# XBMC not playing DTS HD-MA format



## piyush (Jan 4, 2013)

video is playing frame by frame and sound is not coming 
i am using following connection
MSI N210 M1gd3(HDMI out)--->AVR denon 1713
can any one confirm if my graphics card support dts HD MA if not ..can i make it ???
because when i am opening supported format tab of denon windows7 tab ..it is showing only three formats
viz.dts ,dd,dd+
please help


----------



## GusGus748s (Jul 22, 2013)

I'm not too familiar with your set up, but I found this thread at the XBMC forum that might be of some help for you.

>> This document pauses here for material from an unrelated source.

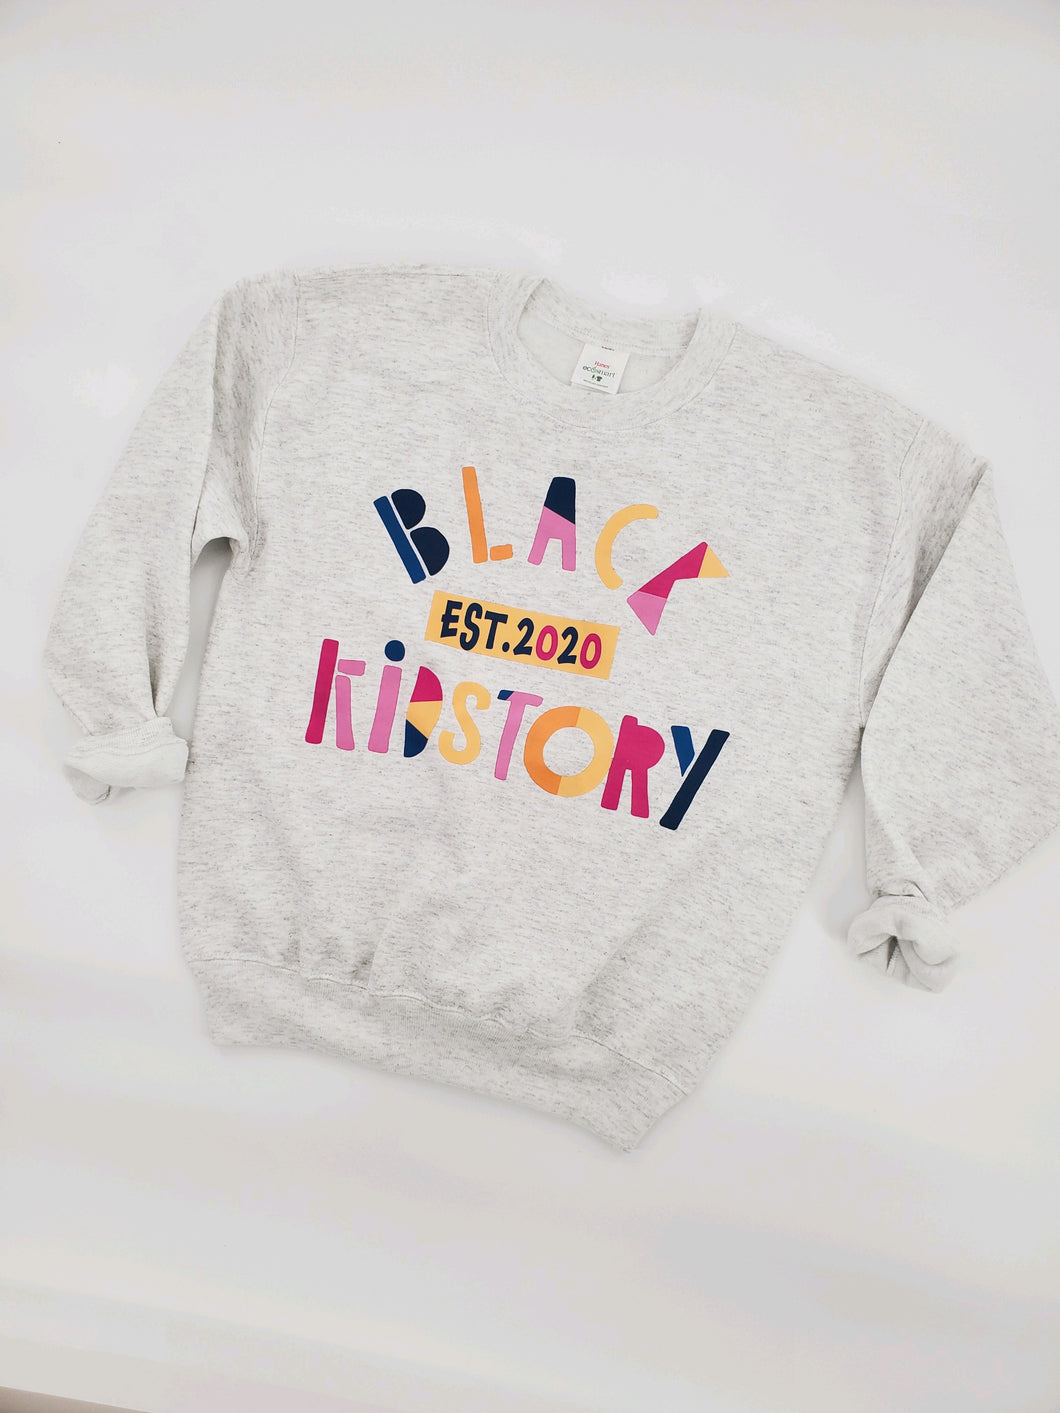 The Black Kidstory Sweatshirt

http://forum.xbmc.org/showthread.php?tid=115581


----------



## piyush (Jan 4, 2013)

tried but no success
when i am following setting
o/p device--->denon avr nvidia(wassapi)
passthrough--->denon avr nvidia(wassapi)
avr is showing DTS video is playing ok
but when i am using 
i think the key is my windows should show DTS-HD MA in supported formats 
but i am not able to make it


o/p device--->denon avr nvidia(wassapi)or other
passthrough--->denon avr nvidia(direct sound) 
avr is DTS-HD HR
but sound is not coming and video is also playing frame by frame


----------



## prerich (Mar 26, 2008)

Sir you have the wrong card to bitstream with, the GT 210 will not bitstream DTS HD MA, you will need a GT 4XX (preferably a GT430 with a passive heat sink if you can find one ), 450, or 6xx series.


----------



## ninouchka (Jan 19, 2014)

That's correct in one way, the streaming part.
But like jriver it doesn't work out of the box.
xbmc has somewhere a folder where the plugins are, here you have to place a copy of dtsdecoderdll.dll,
restart and you will have your HDMA sound. Where to find this dll?
Well I have to luck to still have arcsoft totalmedia theater before I switched to jriver MC.
I just copied it from one folder to another, rebooted and voila JRMC played my HDMA Dts.
I guess it will work the same way with XBMC to.


----------